Start of Information supplied

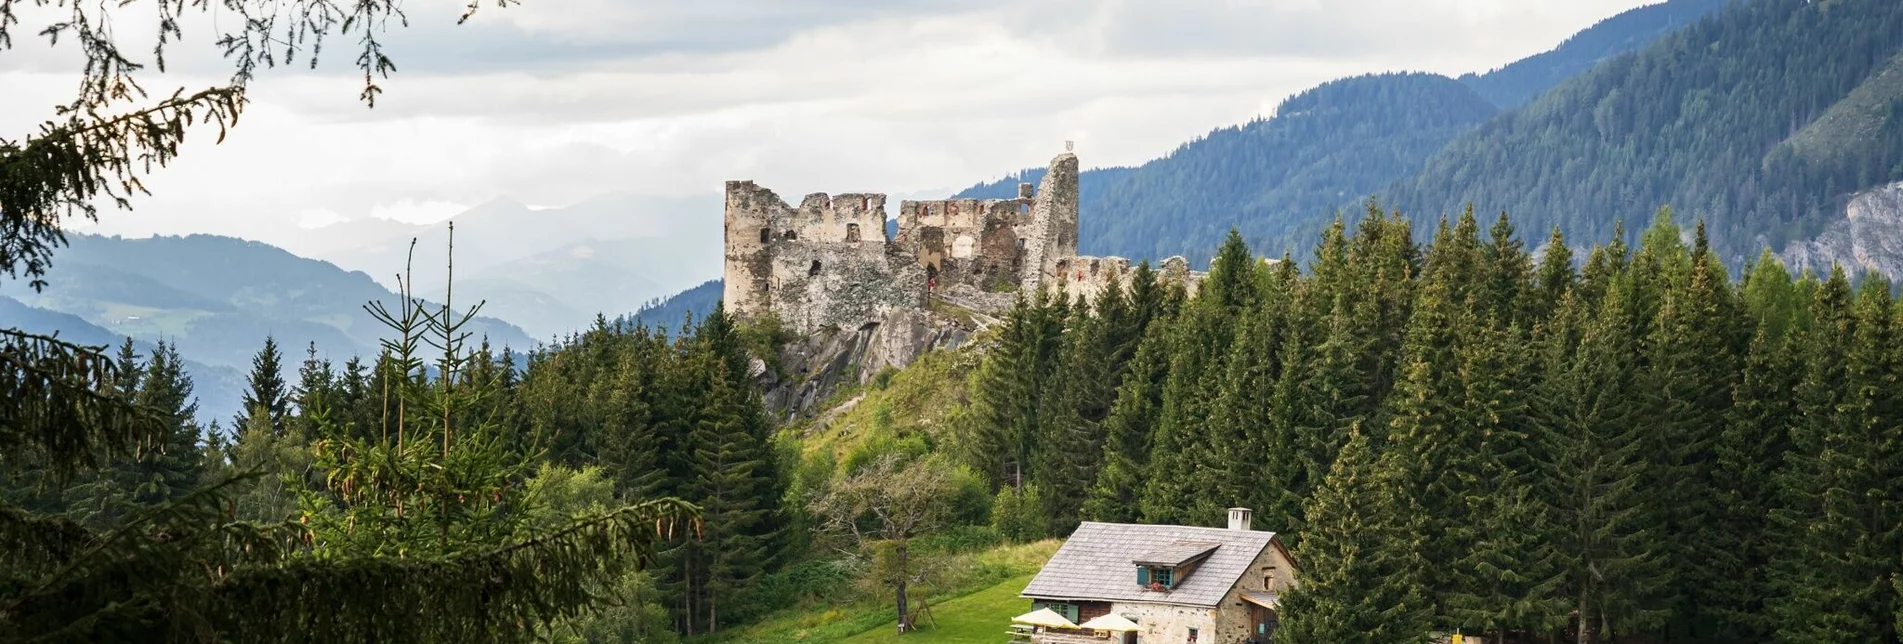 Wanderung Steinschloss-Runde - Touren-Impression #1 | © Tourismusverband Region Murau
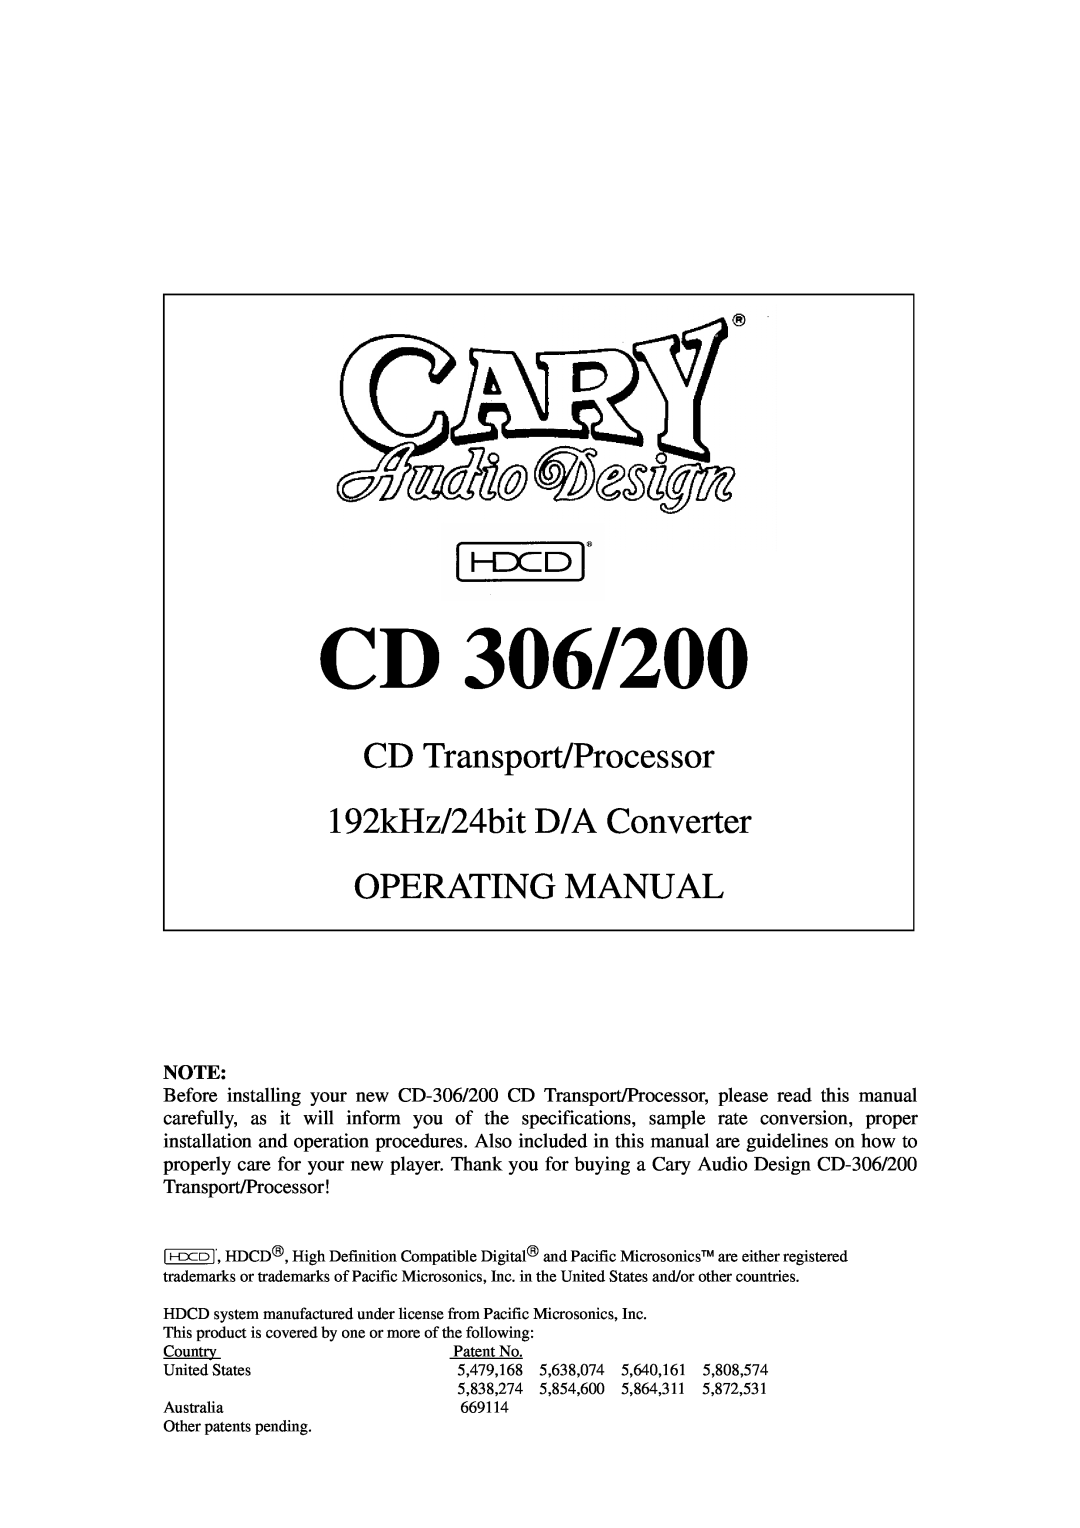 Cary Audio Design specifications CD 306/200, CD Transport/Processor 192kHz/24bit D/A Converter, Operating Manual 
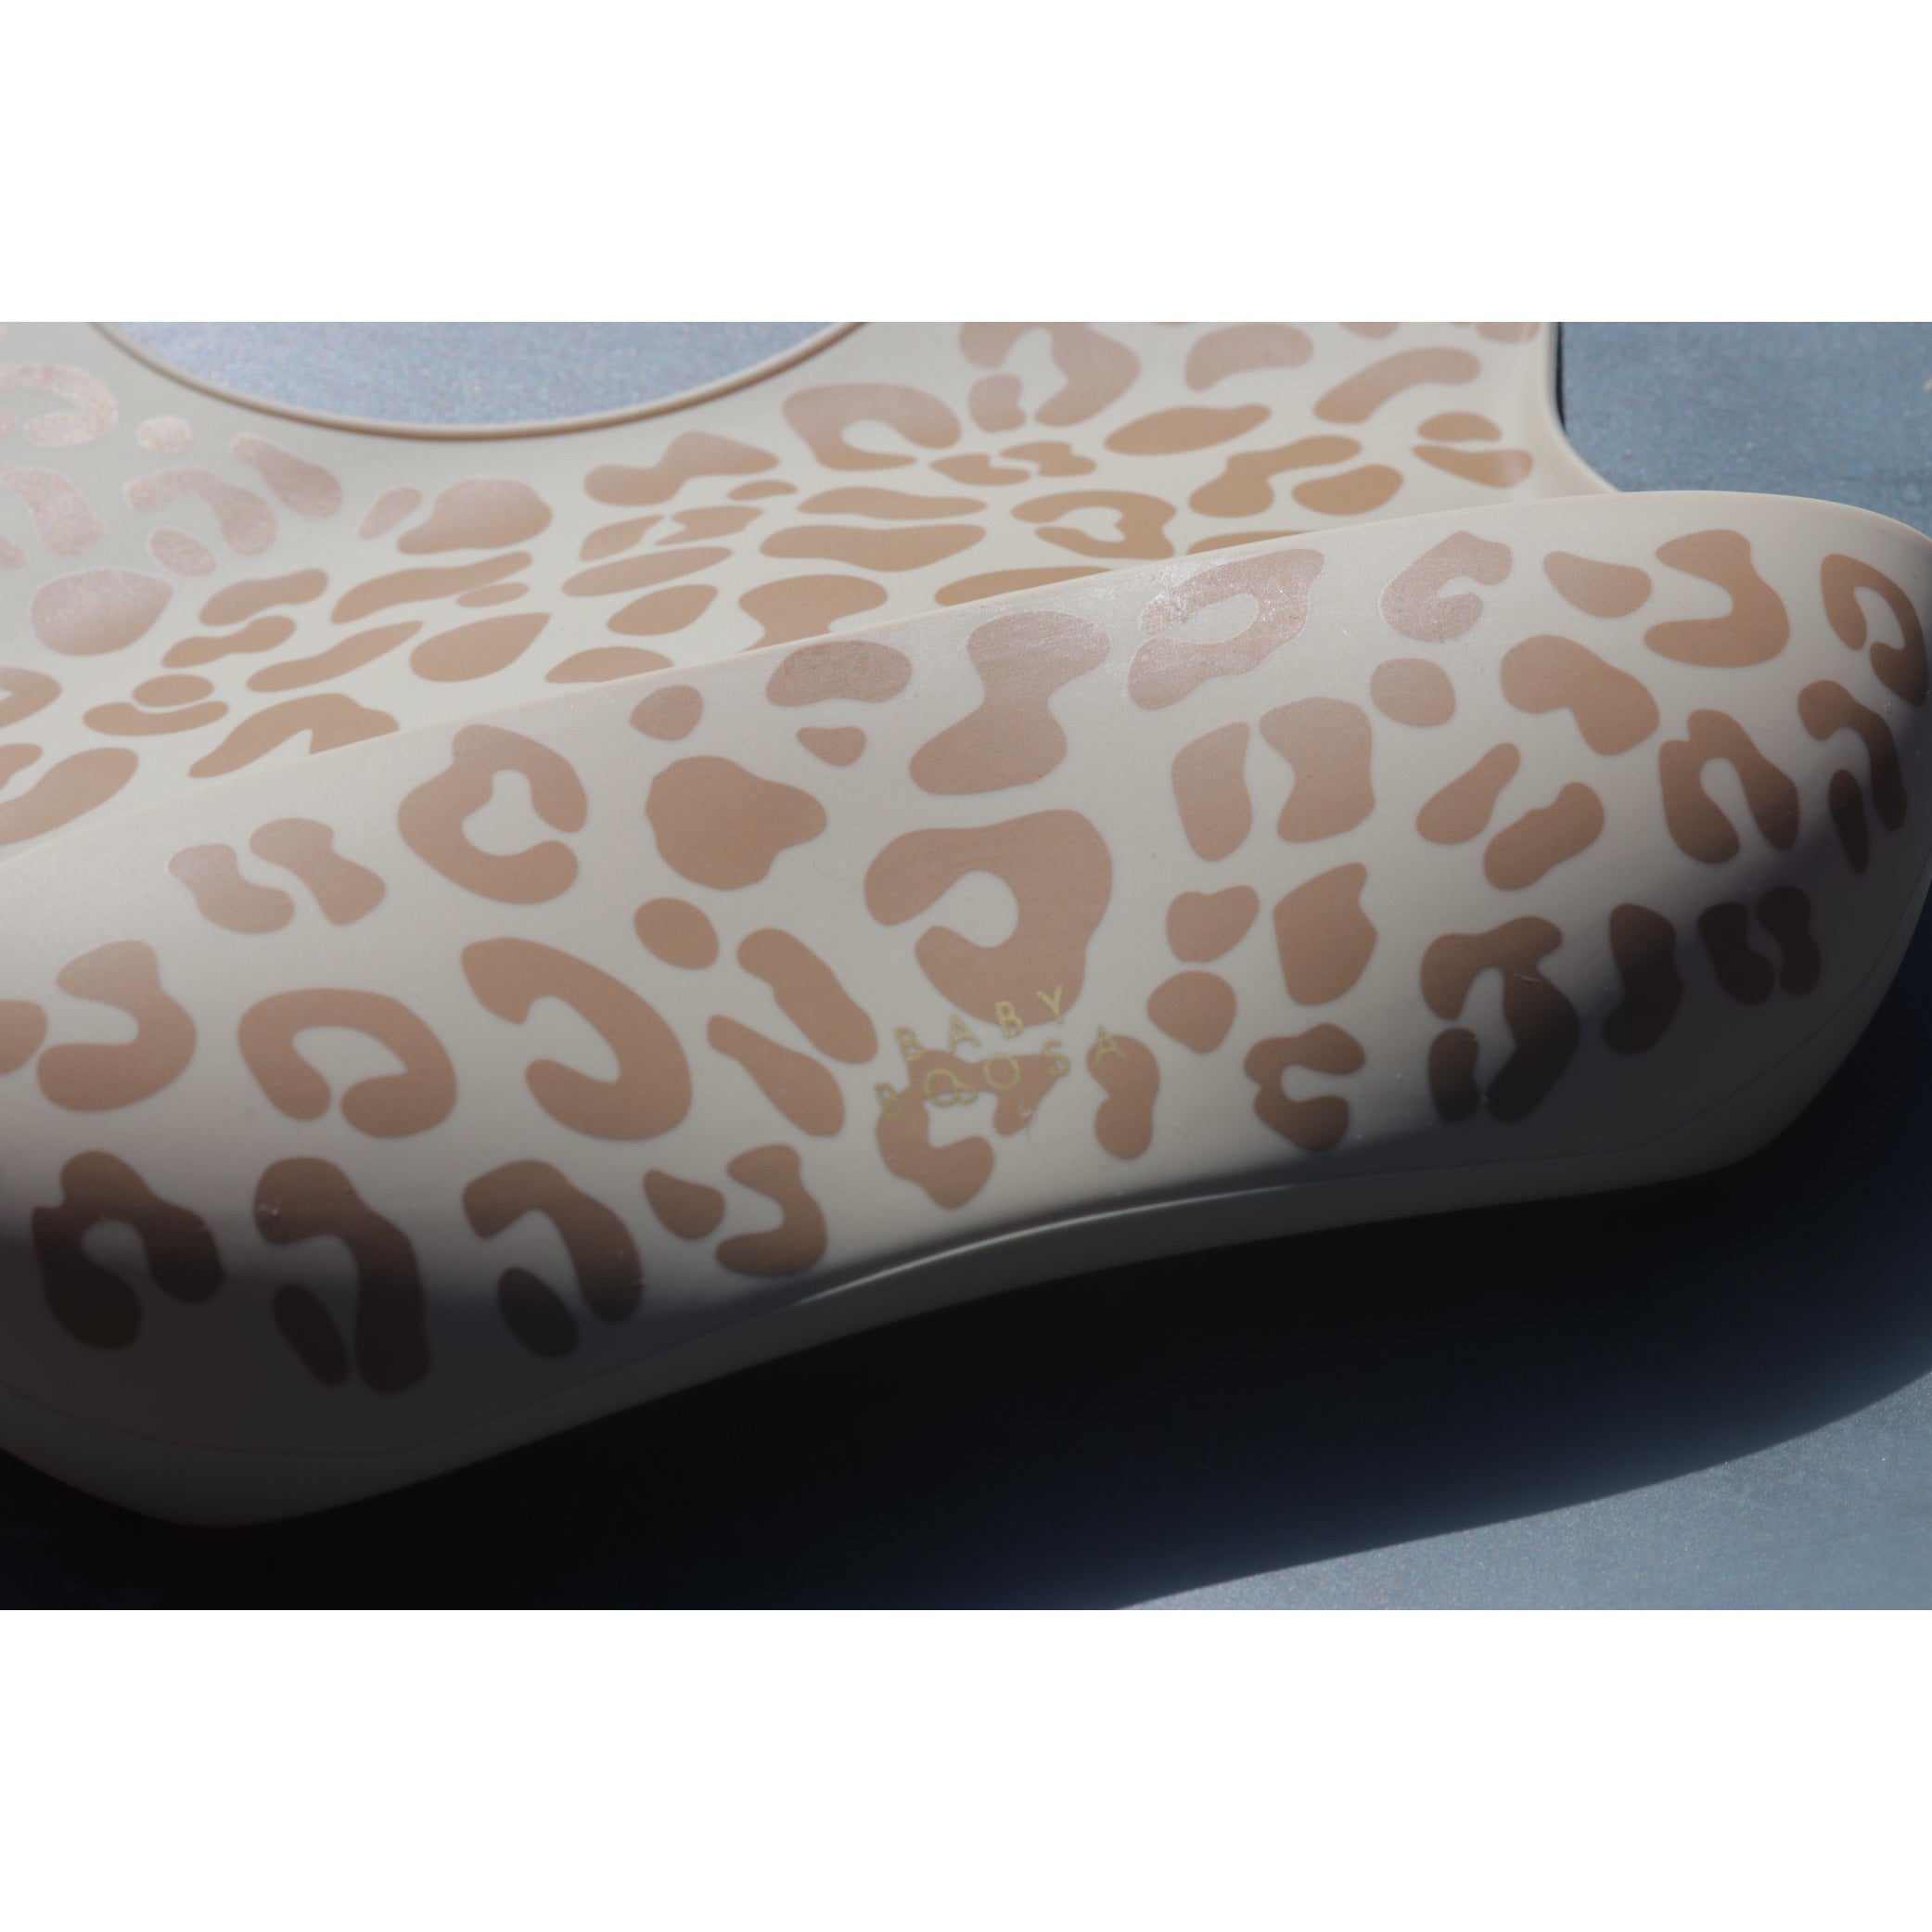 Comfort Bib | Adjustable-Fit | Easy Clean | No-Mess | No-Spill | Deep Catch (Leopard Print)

End of Information supplied

* Work to be completed: Extract exactly the lines above from the line containing "Cary Audio Design" through the last one, both ends included, but not the pictures.

* Problem solution:
 Cary Audio Design specifications CD 306/200, CD Transport/Processor 192kHz/24bit D/A Converter, Operating Manual 
 Comfort Bib | Adjustable-Fit | Easy Clean | No-Mess | No-Spill | Deep Catch (Leopard Print)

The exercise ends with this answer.